* [TO DO] Print all the data below exactly, without images.

===== DATA BELOW

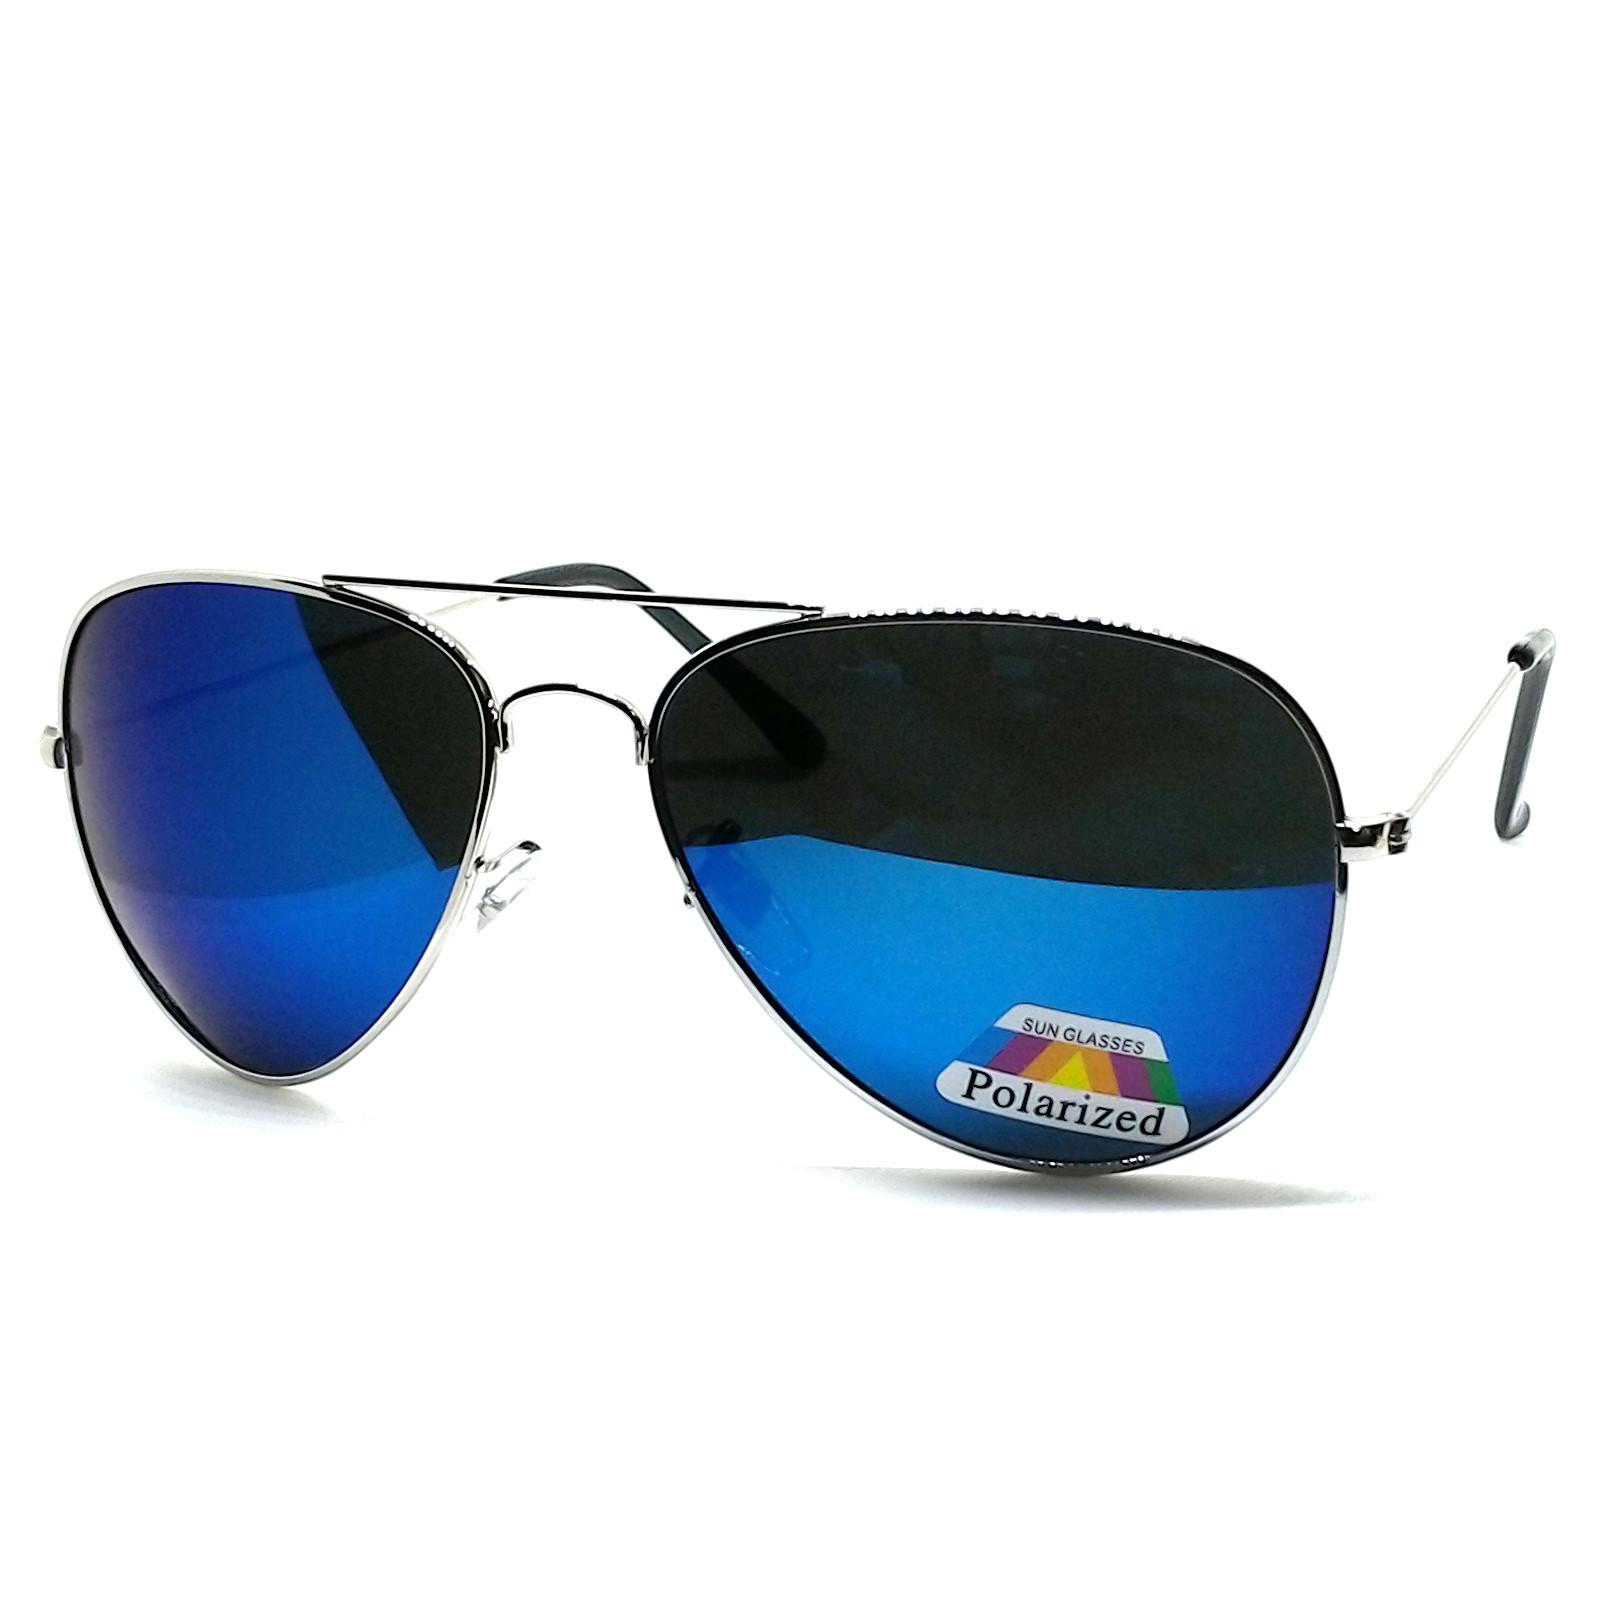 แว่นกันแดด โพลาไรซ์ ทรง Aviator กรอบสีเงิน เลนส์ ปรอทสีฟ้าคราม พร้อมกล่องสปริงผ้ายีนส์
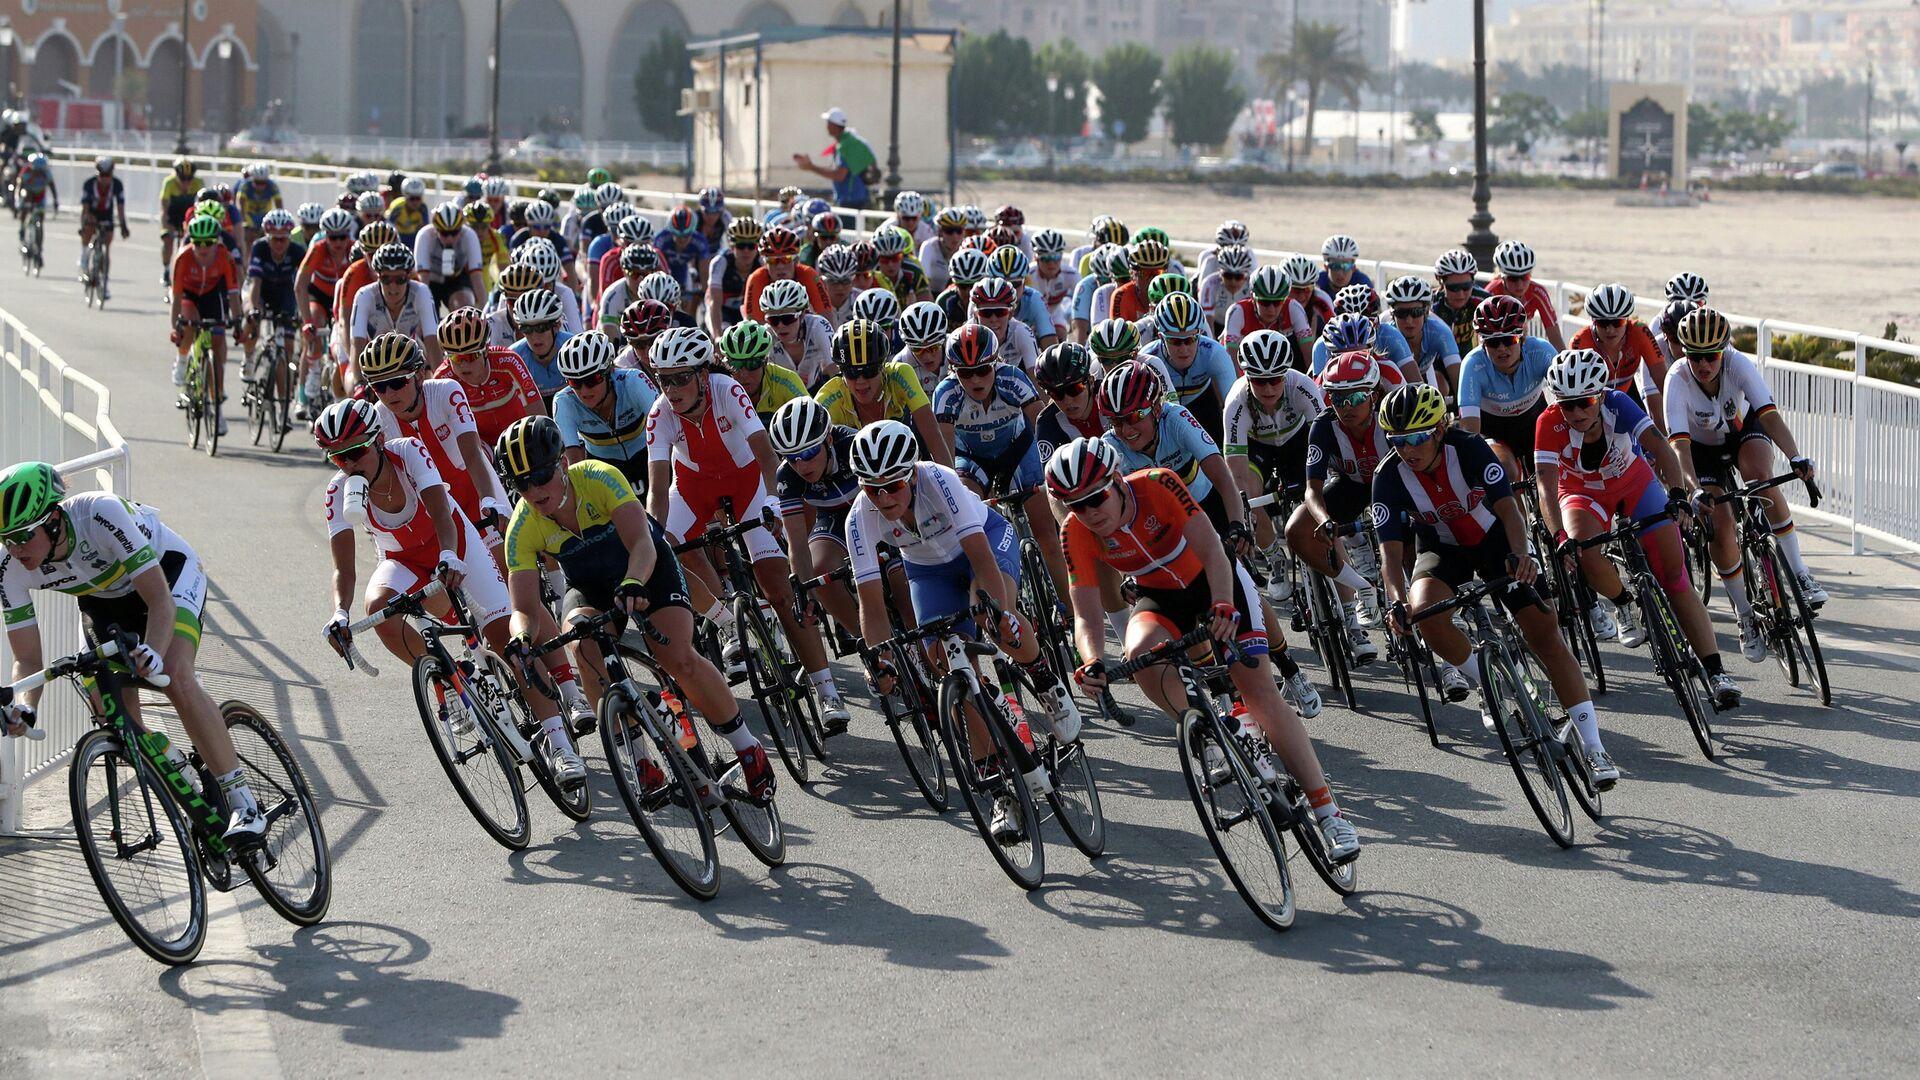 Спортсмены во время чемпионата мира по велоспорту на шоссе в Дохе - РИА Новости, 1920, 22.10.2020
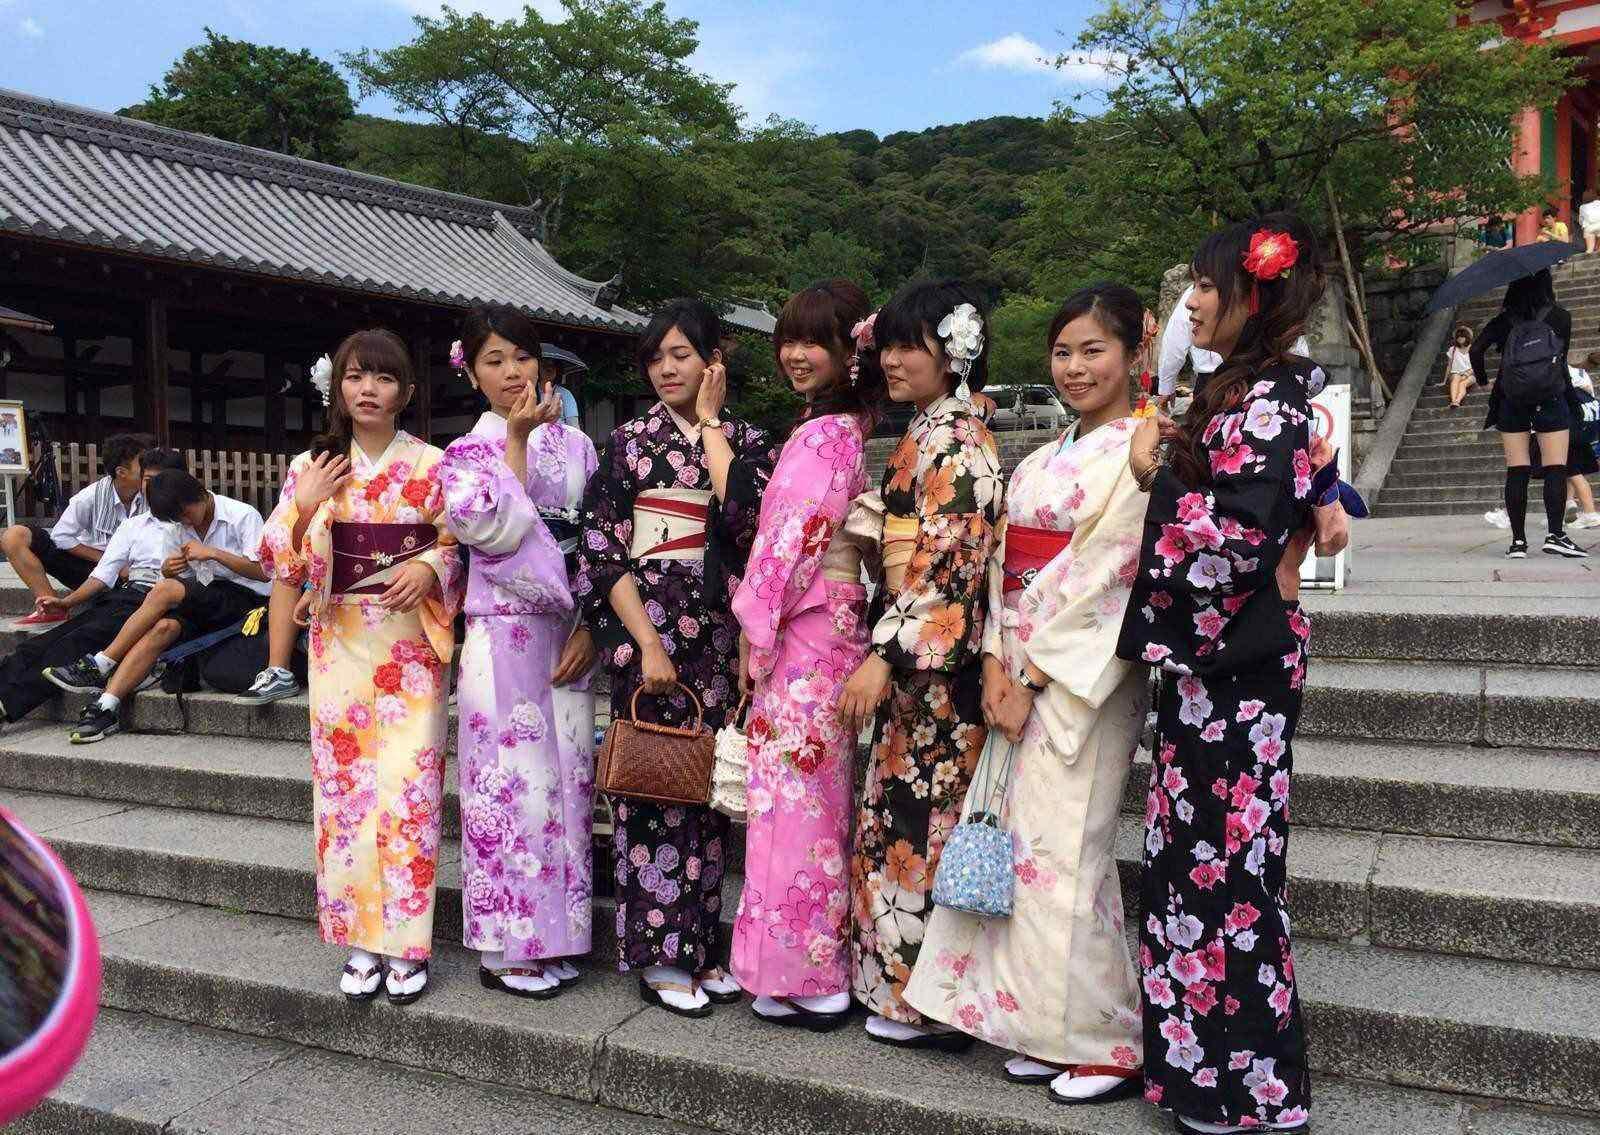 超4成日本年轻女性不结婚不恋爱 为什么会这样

==========

* [TASK OUTPUT]
 แว่นกันแดด โพลาไรซ์ ทรง Aviator กรอบสีเงิน เลนส์ ปรอทสีฟ้าคราม พร้อมกล่องสปริงผ้ายีนส์
 Спортсмены во время чемпионата мира по велоспорту на шоссе в Дохе - РИА Новости, 1920, 22.10.2020
 超4成日本年轻女性不结婚不恋爱 为什么会这样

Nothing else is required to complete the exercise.